Much of the fighting in the Boxer Rebellion against the foreigners in defense of Beijing and Manchuria was done by Manchu Banner armies, which were destroyed while resisting the invasion. Manchu banner garrisons were annihilated on 5 roads by Russians as they suffered most of the casualties. Manchu Shoufu killed himself during the battle of Peking and the Manchu Lao She's father was killed by western soldiers in the battle as the Manchu banner armies of the Center Division of the Guards Army, Tiger Spirit Division and Peking Field force in the Metropolitan banners were slaughtered by the western soldiers. Baron von Ketteler, the German diplomat was murdered by Captain Enhai, a Manchu from the Tiger Spirit Division of Aisin Gioro Zaiyi, Prince Duan and the Inner city Legation Quarters and Catholic cathedral were both attacked by Manchu bannermen. Manchu bannermen were slaughtered by the Eight Nation Alliance all over Manchuria and Beijing because most of the Manchu bannermen supported the Boxers in the Boxer rebellion. The clan system of the Manchus in Aigun was obliterated by the despoliation of the area at the hands of the Russian invaders. There were 1,266 households including 900 Daurs and 4,500 Manchus in Sixty-Four Villages East of the River and Blagoveshchensk until the 1900 Amur anti-Chinese pogroms committed by Russian Cossack soldiers. Many Manchu villages were burned by Cossacks in the massacre according to Victor Zatsepine.

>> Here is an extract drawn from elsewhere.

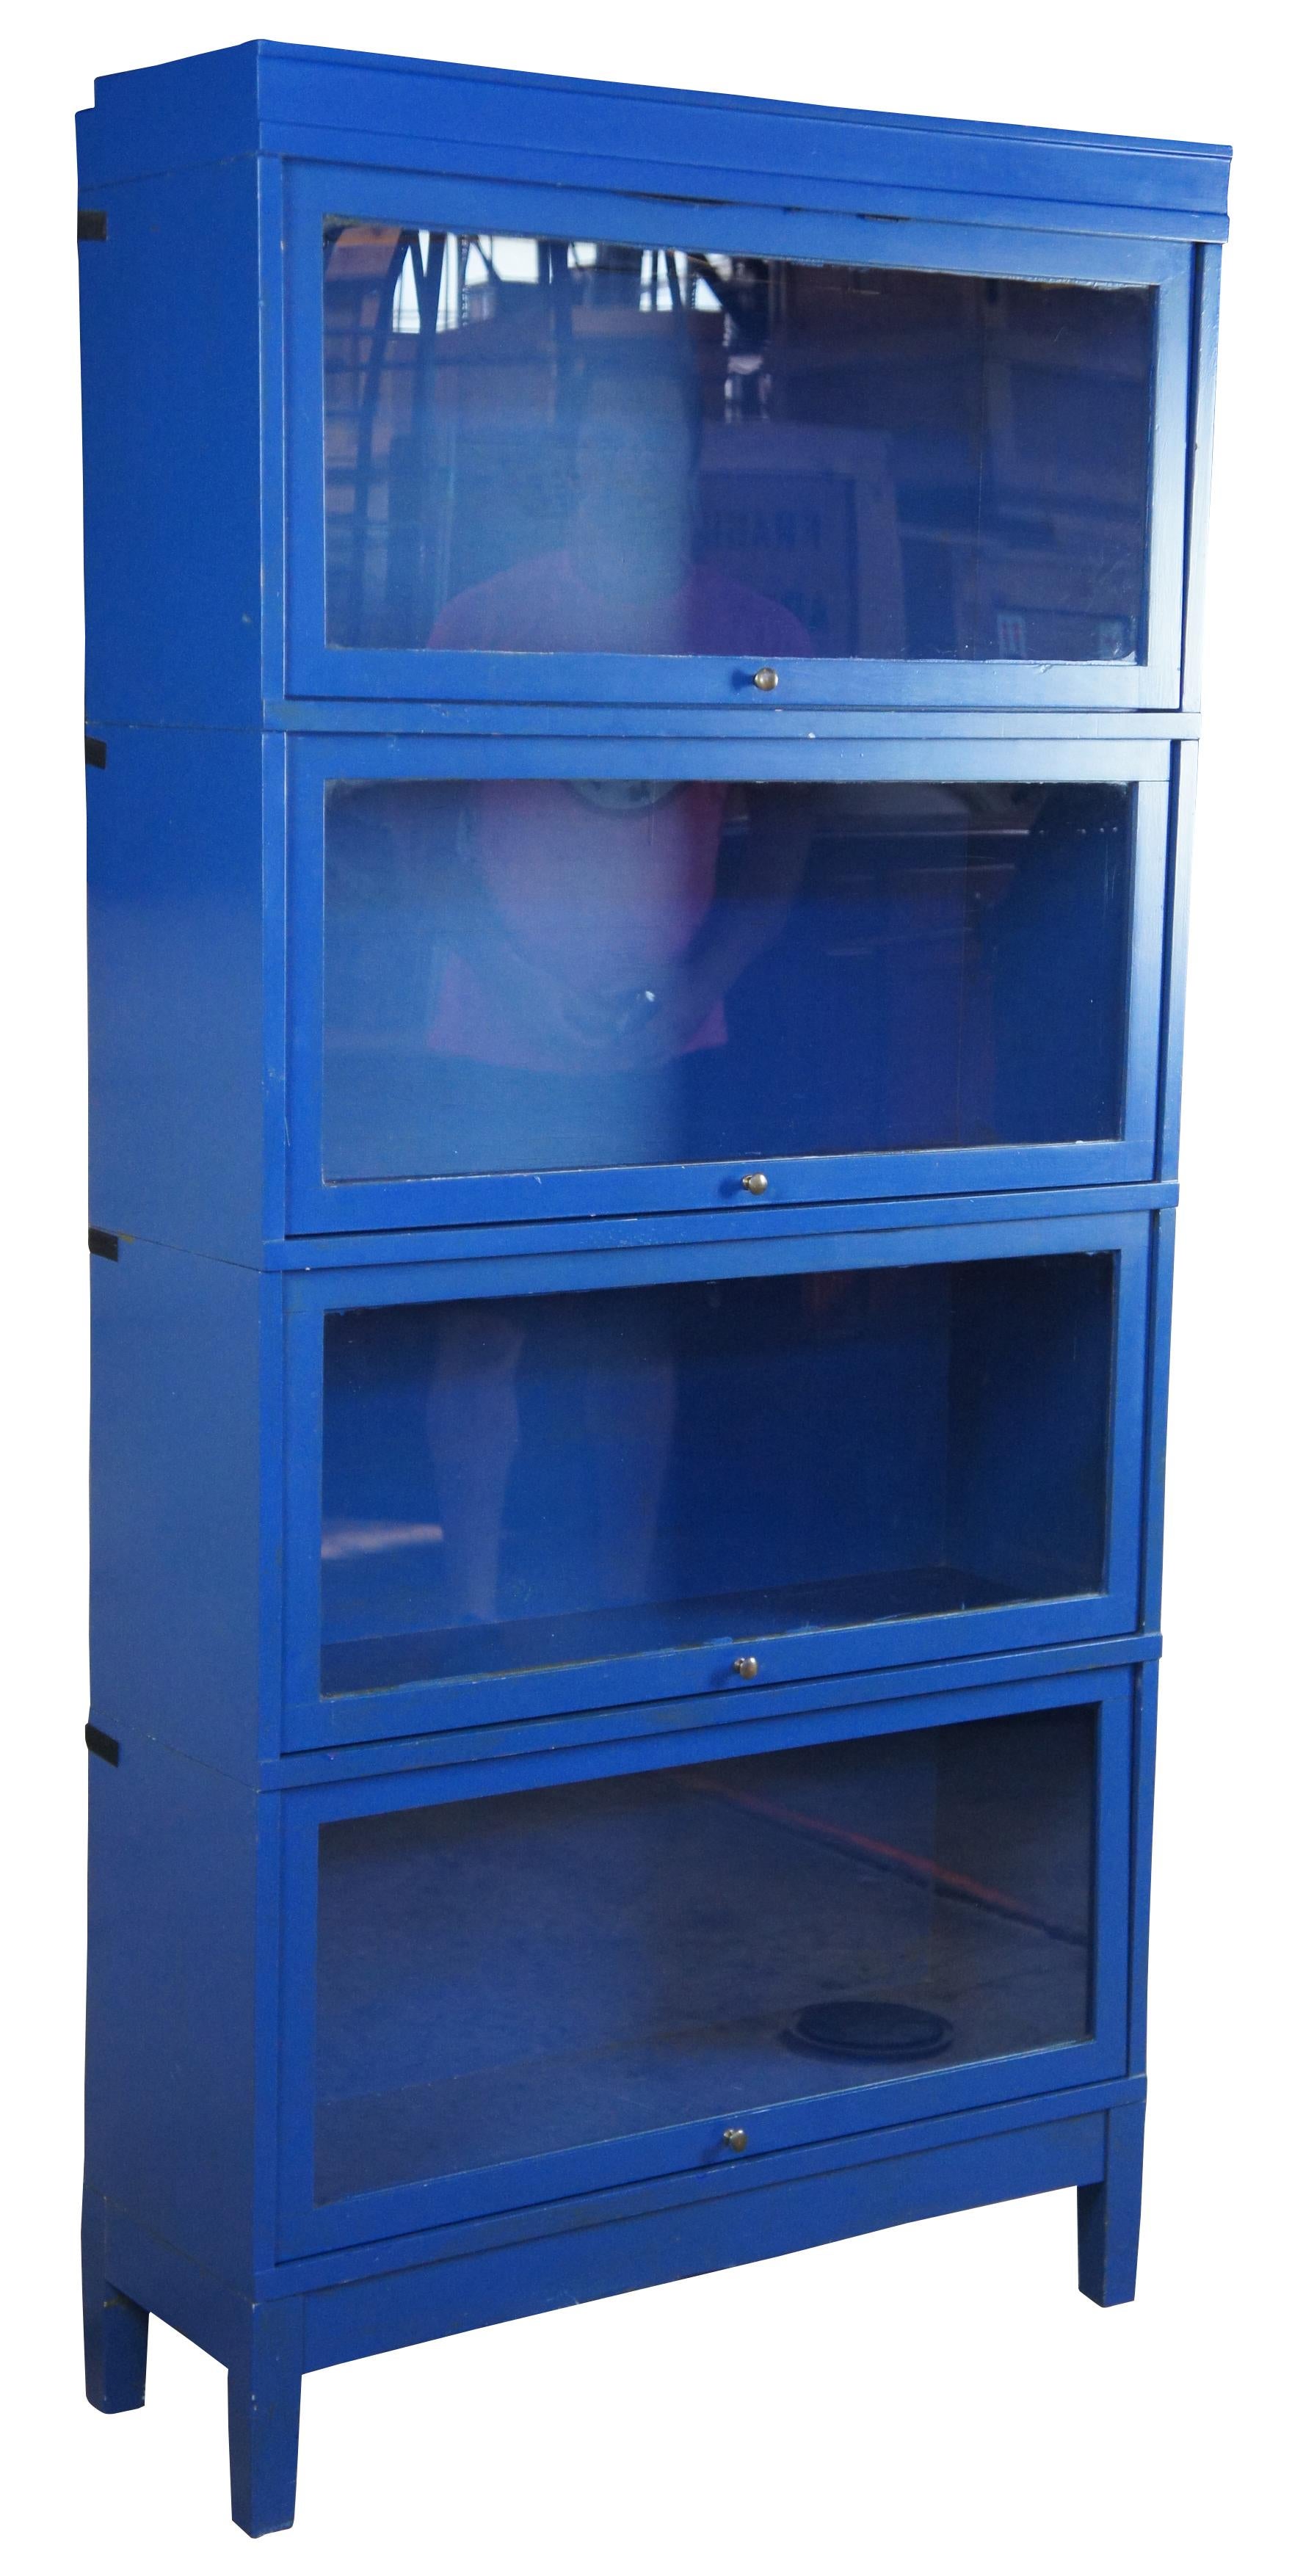 Modern painted blue library barrister bookcase. Features modular sections that stack. Made of wood and glass. Measure: 71

Sergei Witte advised the Tsar to withdraw Russian forces from Manchuria, but Kuropatkin advocated for a continued Russian presence in Manchuria. The Russians tried to secure agreements favorable to themselves in exchange for withdrawal, but China refused.

The Honghuzi continued to plague Manchuria despite multiple attempts aiming for their eradication and mass killings directed at them by Cossack forces. They were enlisted by the Japanese during the Russo-Japanese War to attack the Russians on their rear.